* _Data listing_:
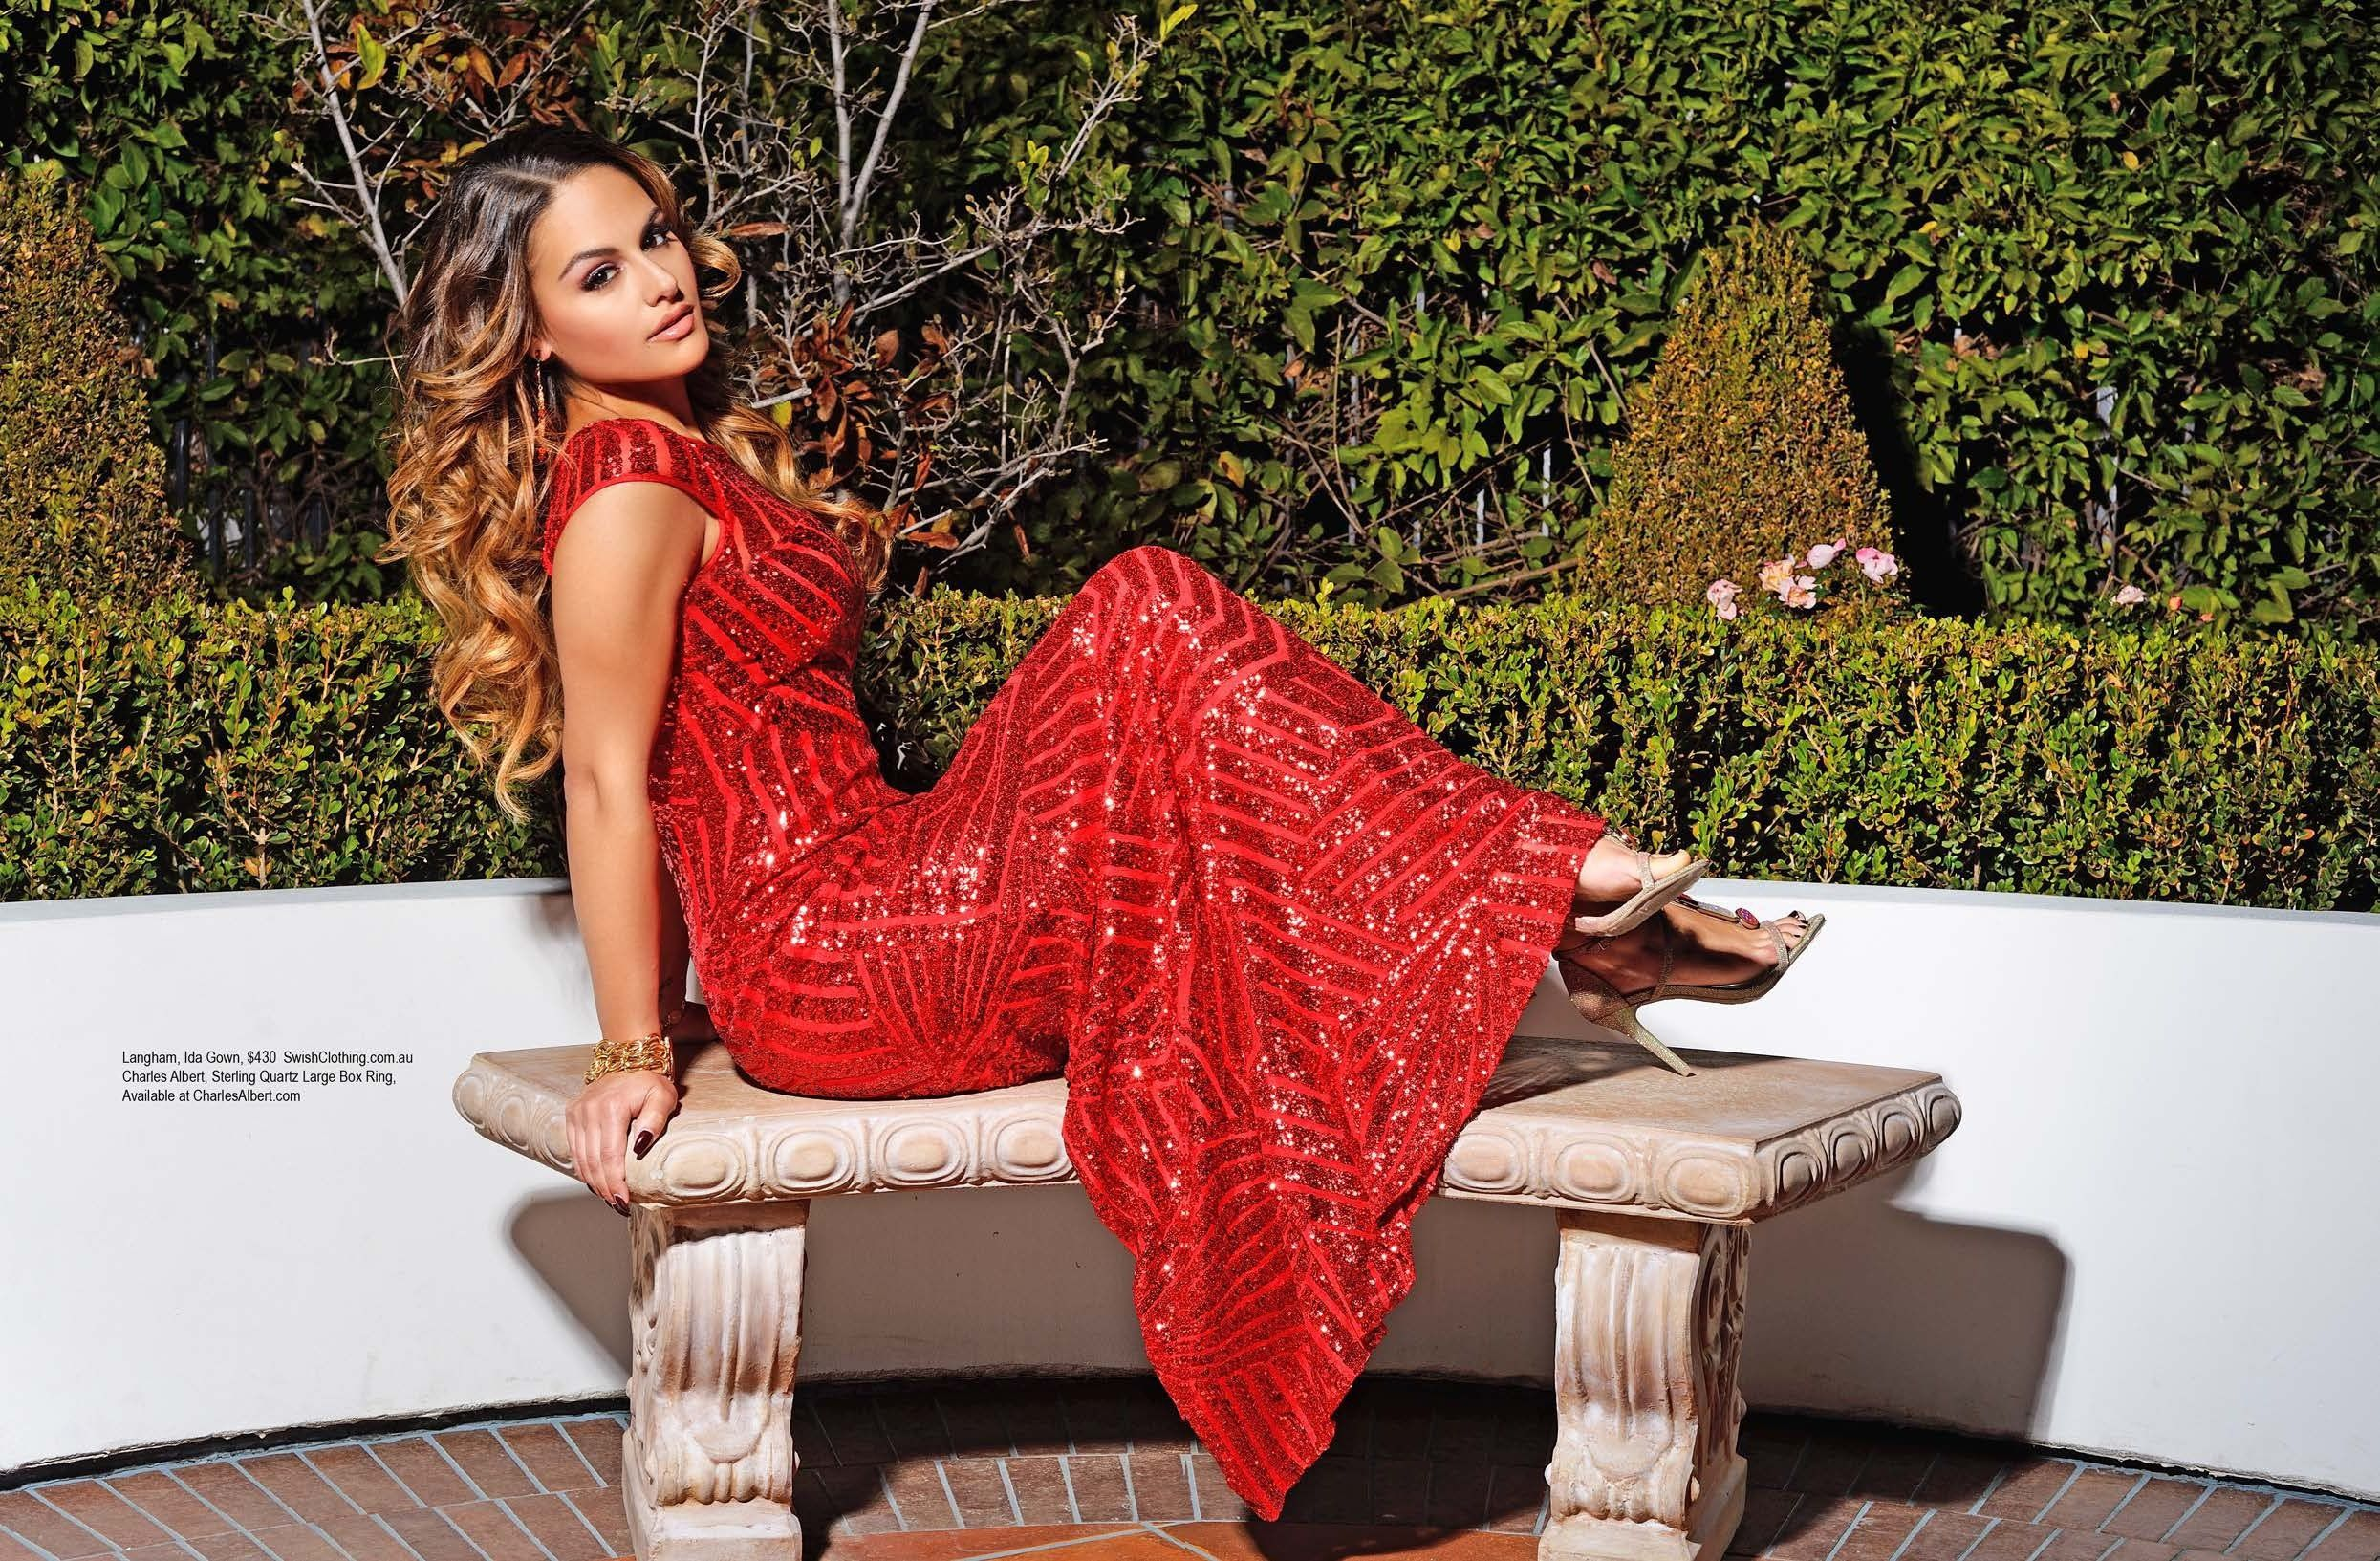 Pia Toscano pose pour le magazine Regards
--
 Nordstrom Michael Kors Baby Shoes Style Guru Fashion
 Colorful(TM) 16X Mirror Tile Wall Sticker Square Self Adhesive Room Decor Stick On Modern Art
==
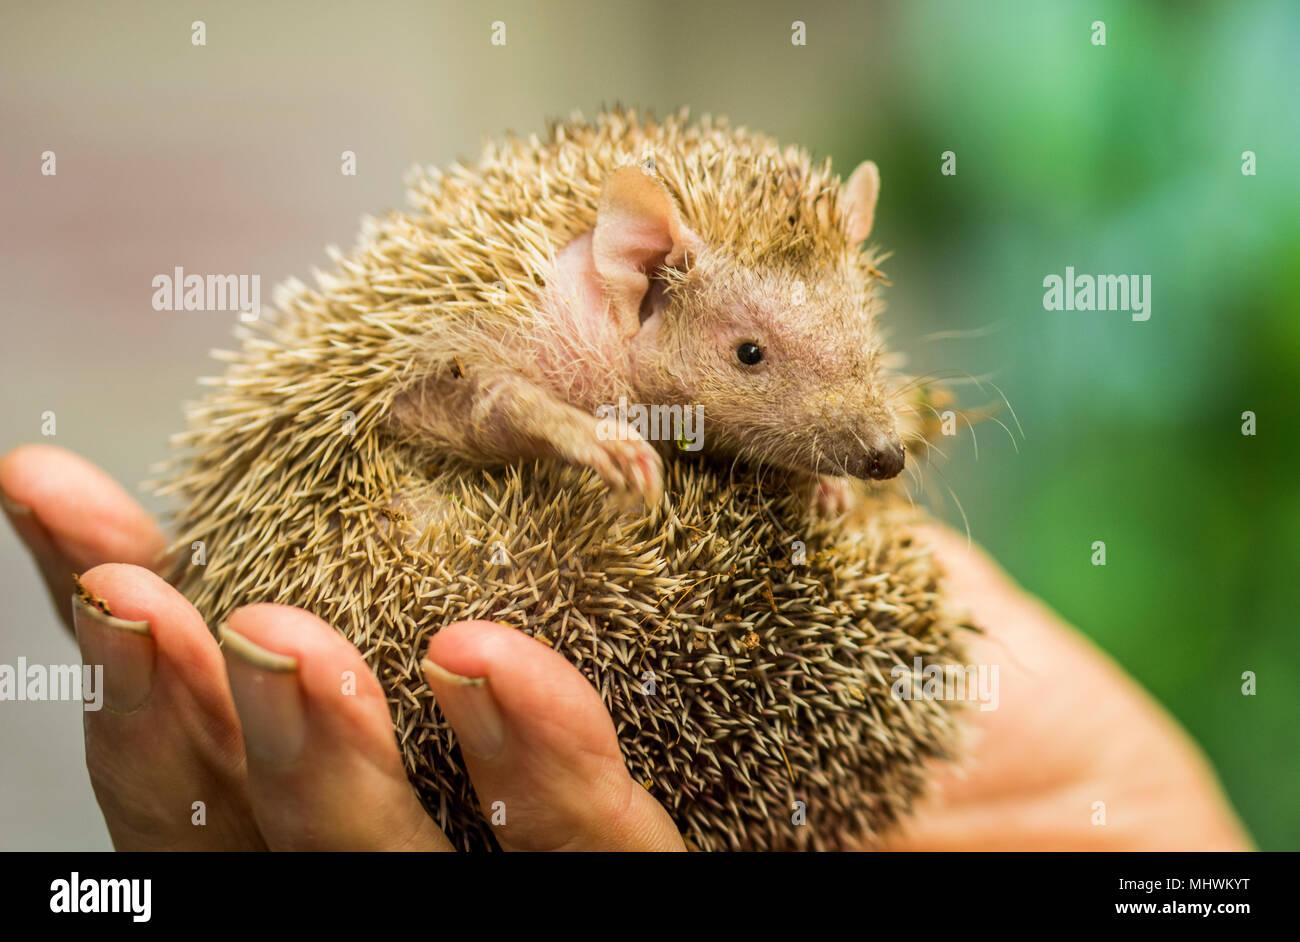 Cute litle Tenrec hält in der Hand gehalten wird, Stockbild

* _Exercise details_:
For the material above, reproduce exactly the lines from the line with "Nordstrom Michael Kors" to the line with "Colorful(TM) 16X Mirror", inclusive, and exclude all others.

* _Exercise response_:
 Nordstrom Michael Kors Baby Shoes Style Guru Fashion
 Colorful(TM) 16X Mirror Tile Wall Sticker Square Self Adhesive Room Decor Stick On Modern Art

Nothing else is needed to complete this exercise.